Classifier performance can be measured in a number of ways. Our experiments used a measure of accuracy (as defined earlier) and measured the accuracy of classifiers by classifying a set of labelled test data that were not part of the training data.

Many classifiers created from very different methods, have comparable accuracy. Furthermore, each of these classifiers can be improved over time by increasing the amount of (labeled) training data and retraining the classifier. Table 2 shows the result of one such evaluation of classifier accuracy. In this case, the two classifiers do not recognize intent particularly well, but perhaps they are not tuned and thus are very quick to train. In any case intent classification is possible, though we will always expect to see some error in the evaluation process.

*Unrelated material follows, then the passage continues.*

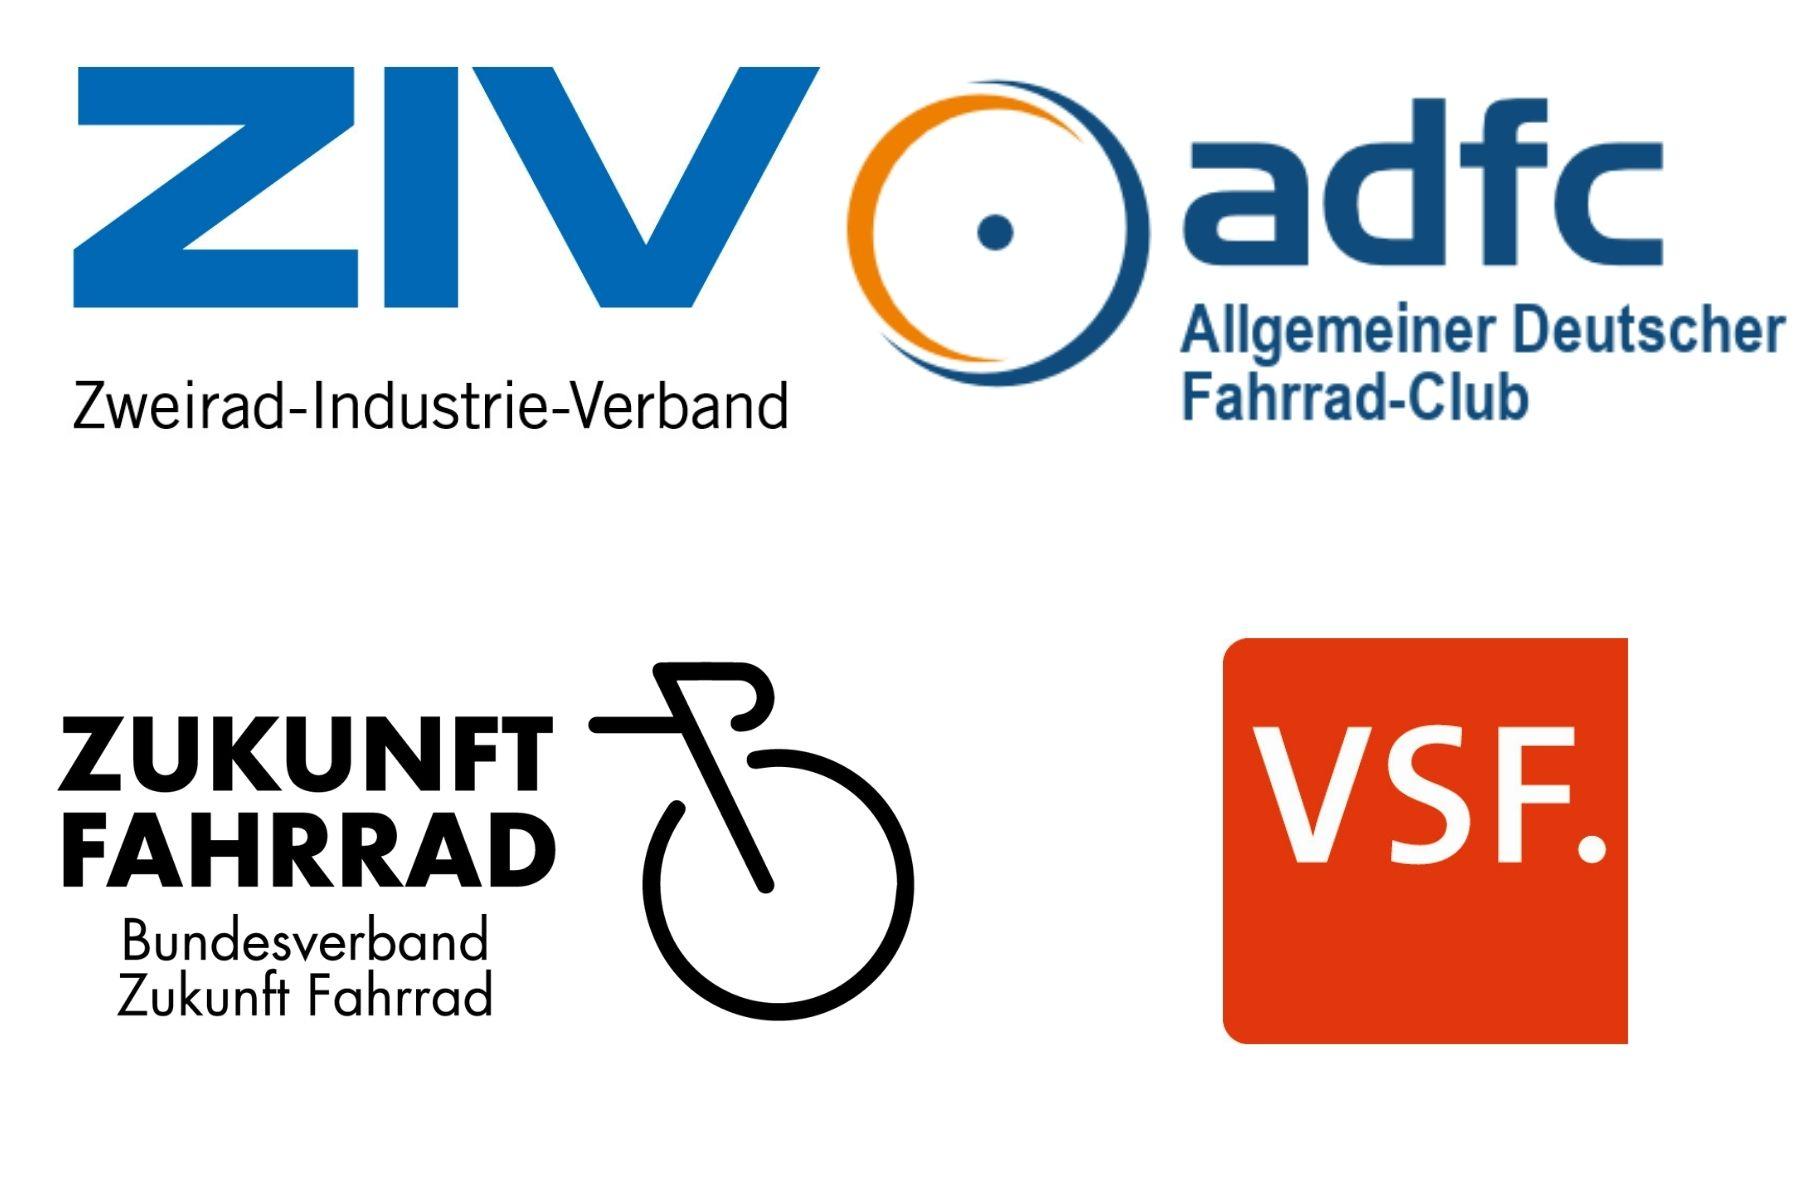 Forderung der Verbände an künftige Bundesregierung: Konsequente Umsetzung der Verkehrswende, zentrale Rolle für das Fahrrad!

Looking at Table 2, the classifiers compared in this case produce almost equivalent accuracy and so in some sense are interchangeable. But this view of intent classification misses some important information which can be seen better in Table 3. In this table, we see the accuracy of the same classifiers compared based on how much their accuracies overlap. In the case of these two classifiers, on 60% of the test data, the intents returned by each of the classifiers are identical and correct. In 25% of the test data both classifier return the incorrect intent.

These two views of classifier test results raise a very interesting point. Table 2 shows us that using one or the other of these classifiers gives us approximately the same ability to recognize intent. But Table 3 suggests that, if we can select the classifier which gives a correct answer when available, we can increase the accuracy of our combined classifier to 75% in the optimal case. We next discuss methods to help 8% 25% determine if it is possible to improve the performance of a system by combining multiple classifiers.

Combining Classifiers

The remainder of this paper discusses some of the possibilities and considerations of combining multiple intent classifiers to produce better results than using a single classifier. When one attempts to combine the results of classifiers, a number of issues come up right away. This paper will address the two following issues, the answers to which can get us all the way to a functional classifier combiner.

One major issue with combining classifiers is deciding on the domain and training data of each classifier. In the example above, each of the classifiers is trained on the same training data and the same set of classes. we call this classifiers with overlapping domain. This paper will present an analysis of a method to compare two classifiers overlapping domain (Kuncheva 2004) .

Another important way to train classifiers is to train each classifier on different domains. The combination of classifiers trained on different domains means that each classifier knows different sets of intents. This allows the creation of more complete systems of intent classification by combining smaller domains of knowledge.

Another important consideration is to recognize that classifiers trained using different methods will typically return very different types of score information. Scores are important in classifiers because the score provides a way to rank the classifier’s results so that a ’winning’ class can be determined.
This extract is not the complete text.